[WHAT YOU SHOULD DO] Copy exactly the lines of the data below, beginning with the line with "Детский полицейский костюм" and ending with the line with "Gato negro macho". Pictures are to be omitted.

[INPUT RECORDS]
•••

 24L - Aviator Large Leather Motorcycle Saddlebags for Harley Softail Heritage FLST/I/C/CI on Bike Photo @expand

•••

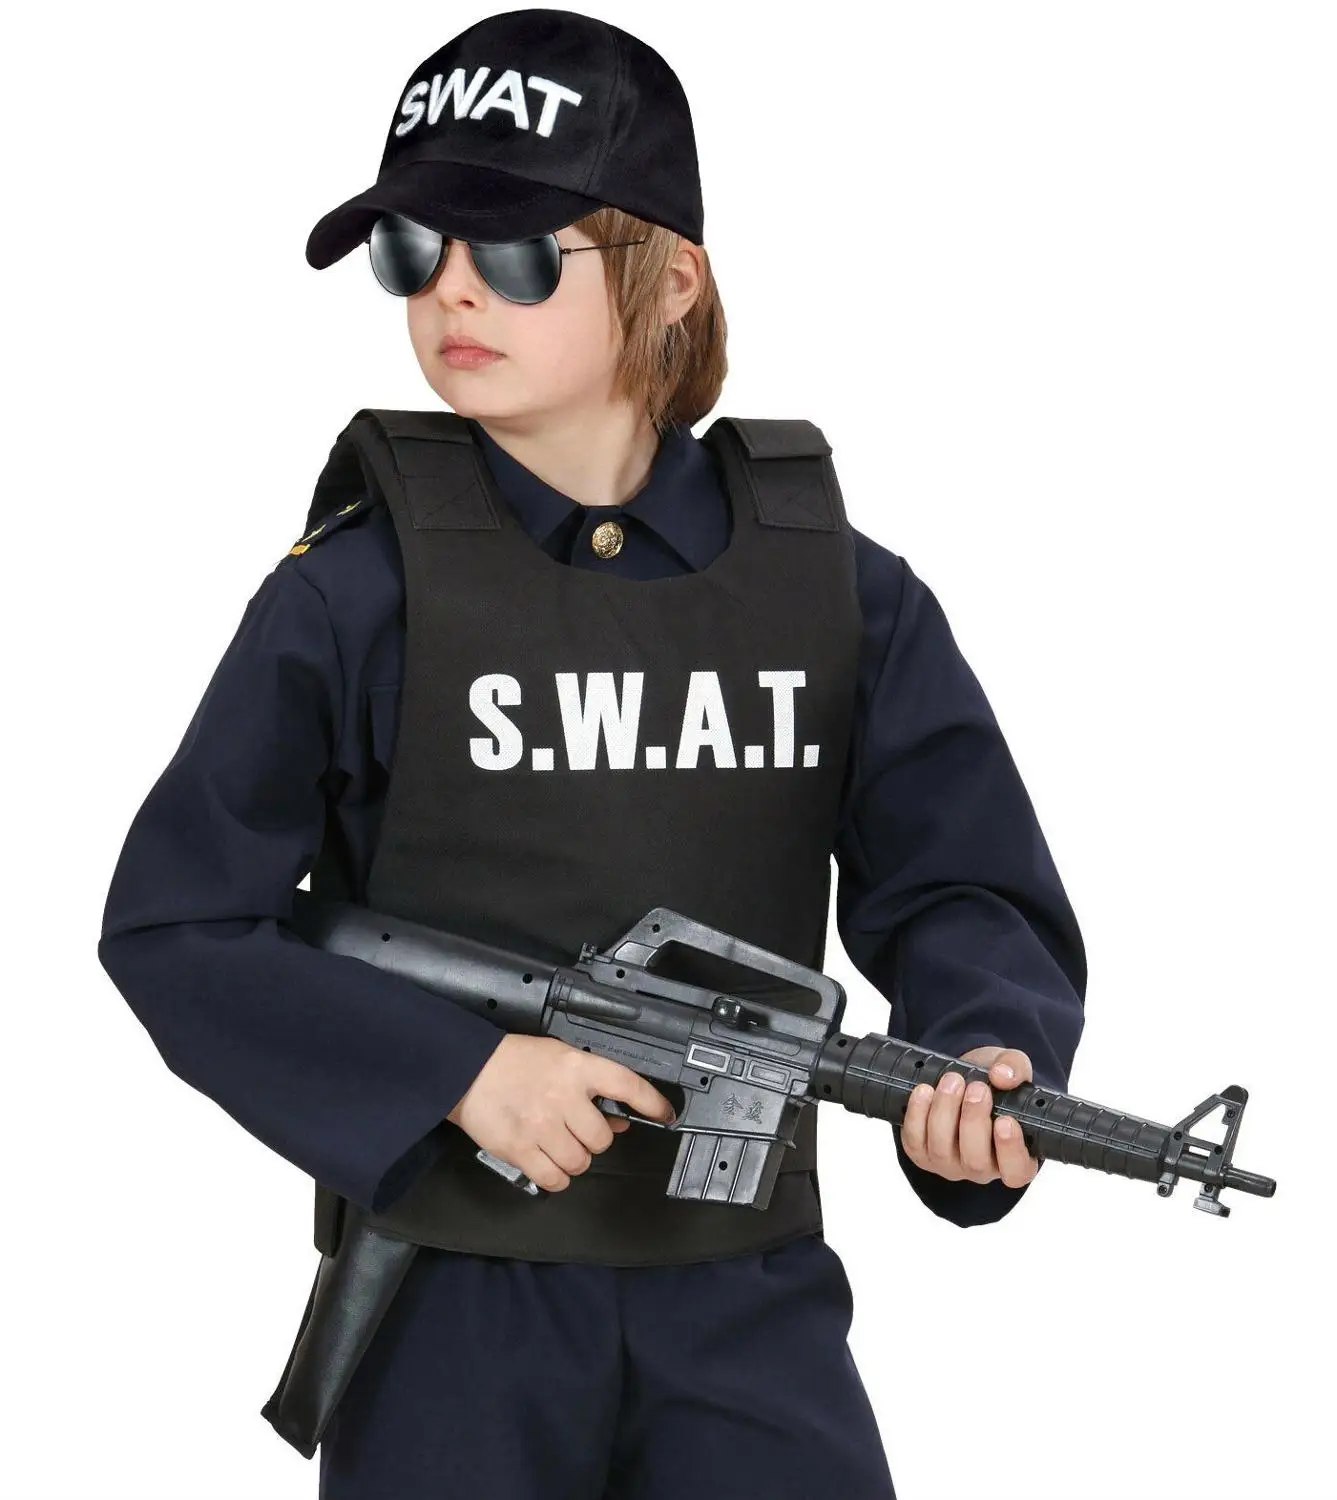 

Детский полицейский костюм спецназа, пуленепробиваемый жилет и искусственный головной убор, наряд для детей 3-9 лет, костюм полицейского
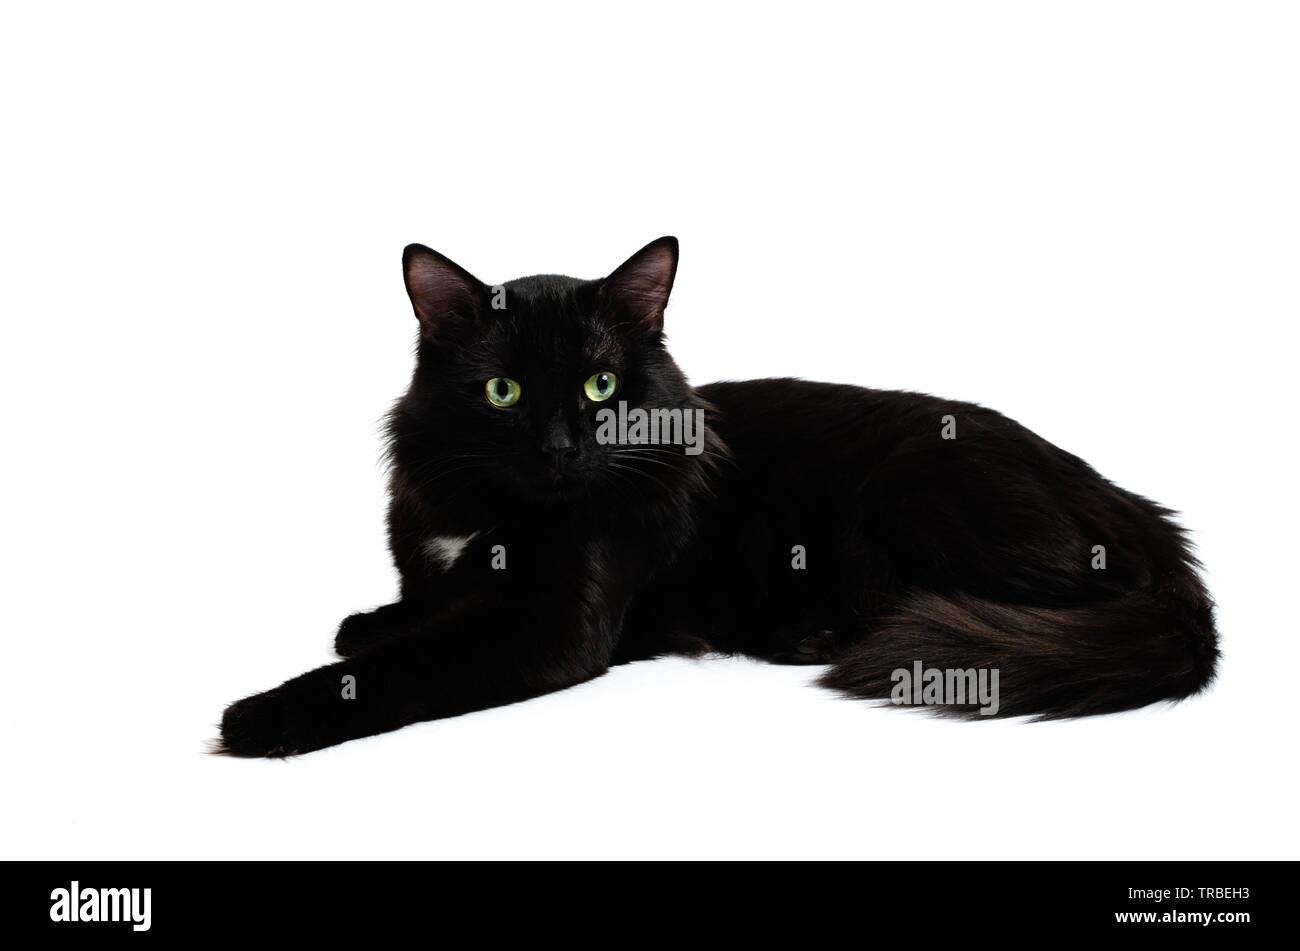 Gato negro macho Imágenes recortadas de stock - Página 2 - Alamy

•••

[SOLUTION FOR THIS EXERCISE]
Детский полицейский костюм спецназа, пуленепробиваемый жилет и искусственный головной убор, наряд для детей 3-9 лет, костюм полицейского
 Gato negro macho Imágenes recortadas de stock - Página 2 - Alamy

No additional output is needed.